One of my smart traders told me about this.... big news: https://www.nasdaq.com/articles/the-sec-approves-single-stock-leveraged-and-inverse-etfs https://etfdb.com/etf-prime/etf-prime-sec-approval-of-derivativ-single-stock-etfs/ https://www.sec.gov/news/statement/crenshaw-single-stock-etfs-20220711 https://www.etftrends.com/sec-issues-warnings-over-single-stock-leveraged-inverse-etfs/
I like the articles you posted. My first reaction was "WTF. Why?". But each of those articles talked about the risks which many retail investors/traders might not understand. Imagine buying a TWTR ETF on the 7th thinking it's turned the corner. By Friday afternoon, you're thinking "Uh oh. But hey, I'll just hold it over the weekend". By the middle of the day on Monday, after the over night resets and the continued decline, you're shitting your pants, so you finally dump it. Oops. I guess I could imagine day trading them if I had limited funds. But there is so much moving on a daily basis, you really don't need much leverage. Just look at NVAX and PLRX this week.
Would've been great to short TSLA . I Really like this because you can short swing trade in a retirement or cash account I'll follow to see liquidity and gap size as these launch.

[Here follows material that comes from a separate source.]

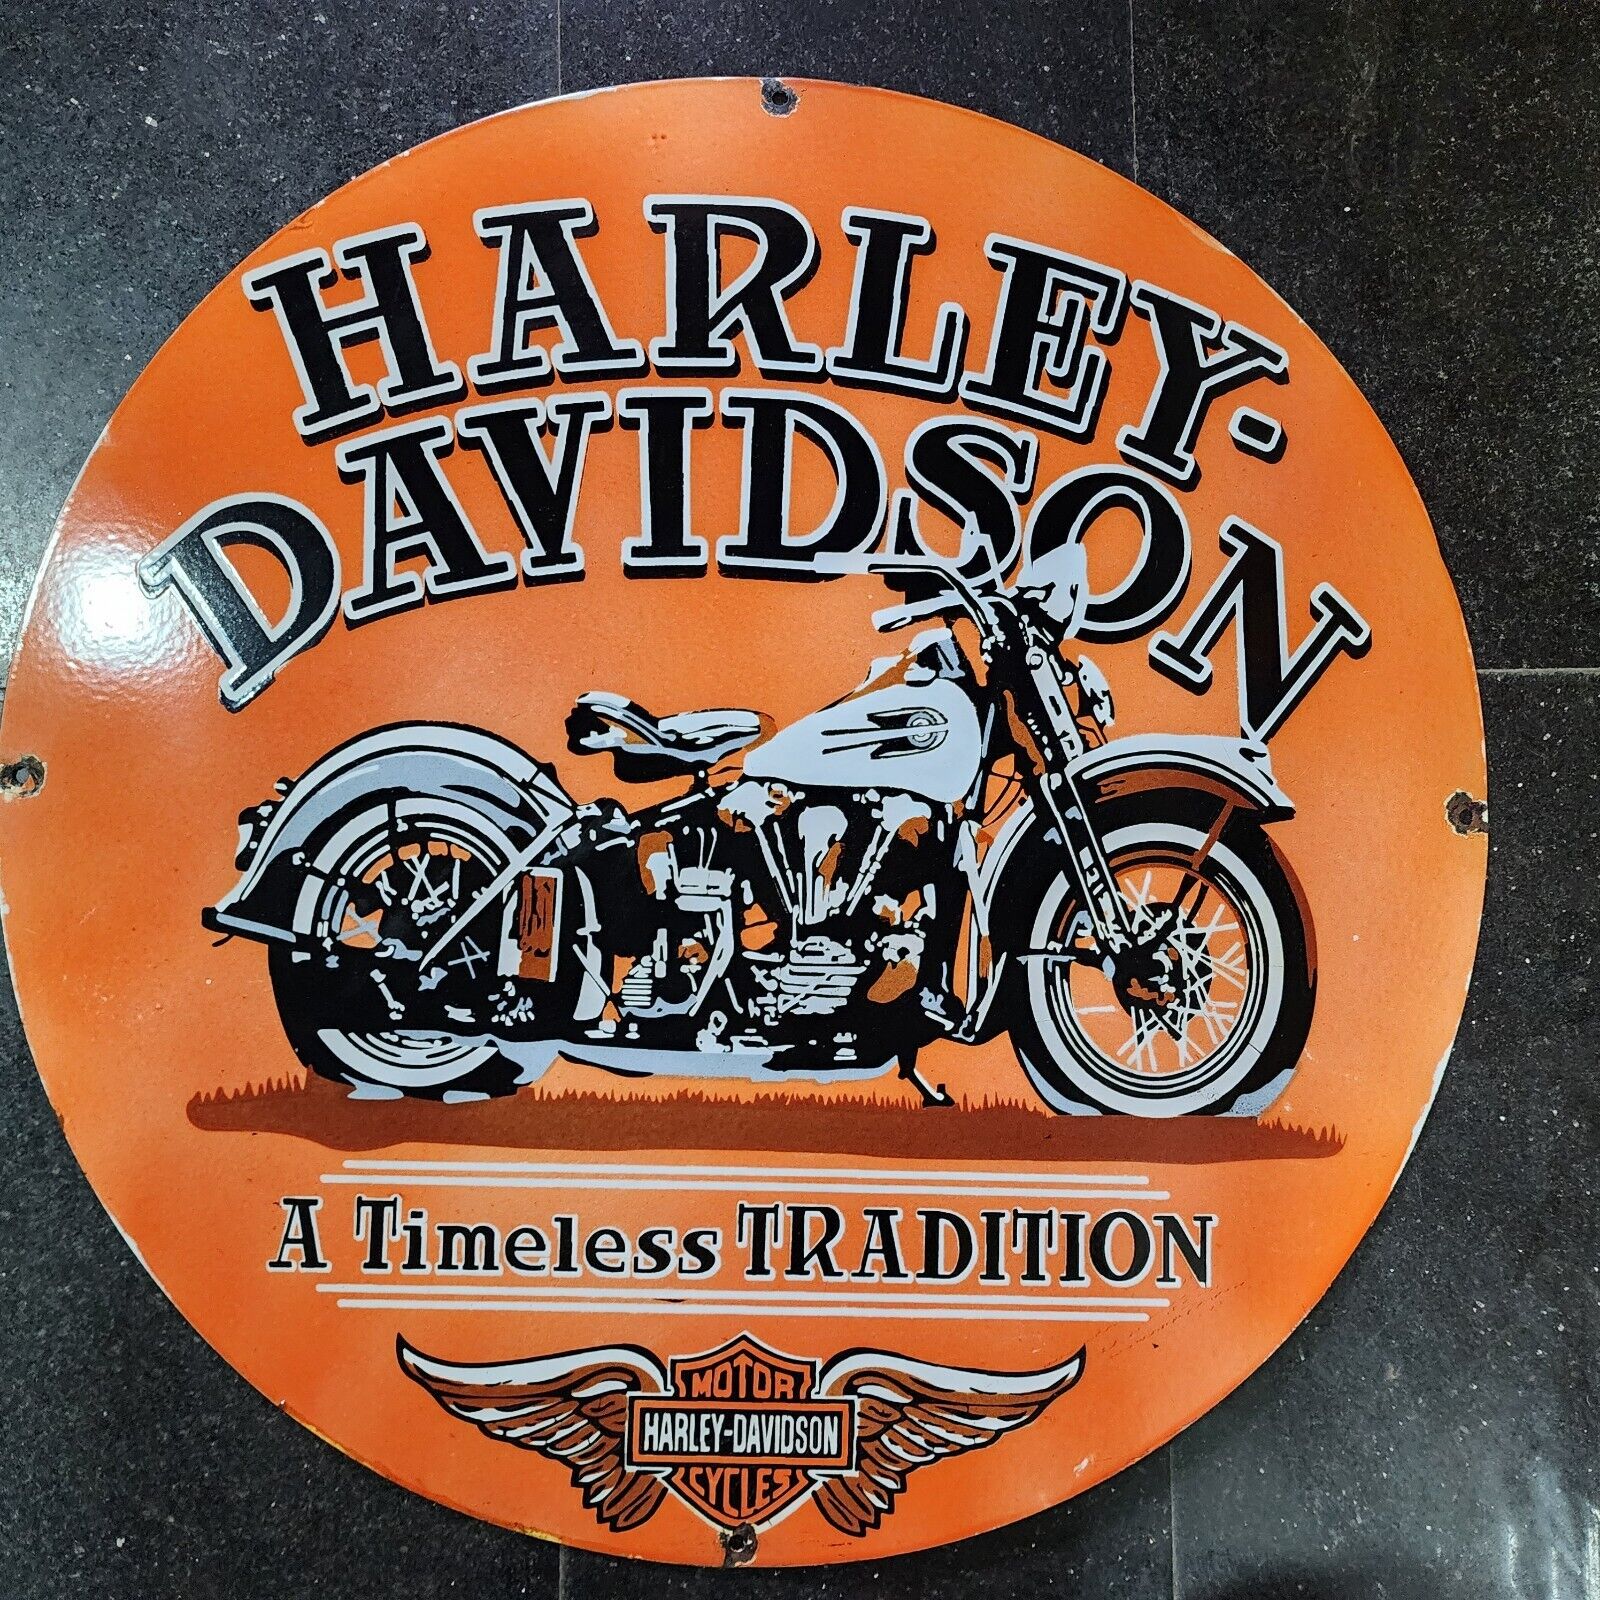 HARLEY TIMELESS PORCELAIN ENAMEL SIGN 30 INCHES ROUND

Hmm.. where does the risk end up? If you are short TSLA by short stock, synthetic short in the options market, net short single-stock future you carry infinite risk. Who does the company behind the ETF transfer that risk to? MM's in the option markets? they then transfer it on to someone else.
You can trade options in an IRA. I do it all the time in my TDA Roth. And my risk is always pre-defined. If I were long TWTR calls (I wasn't) as the stock got smoked, big deal. Move on. Next trade. Long a leveraged ETF? Again, Oops.
This could present some interesting opportunities for pair trading versus the respective ETFs where returns would be too low with unleveraged instruments.
Seems completely unnecessary unless you want to short specific stocks in an IRA or 401k that does not allow option trading.
They certainly are necessary. You are just on the wrong side of the fence as a retail trader! Fees, option spreads and spreads on these ETFs are going to make someone a bunch of money.
Awesome news. This would be like the leveraged ETFs - using futures to accomplish the leverage, correct?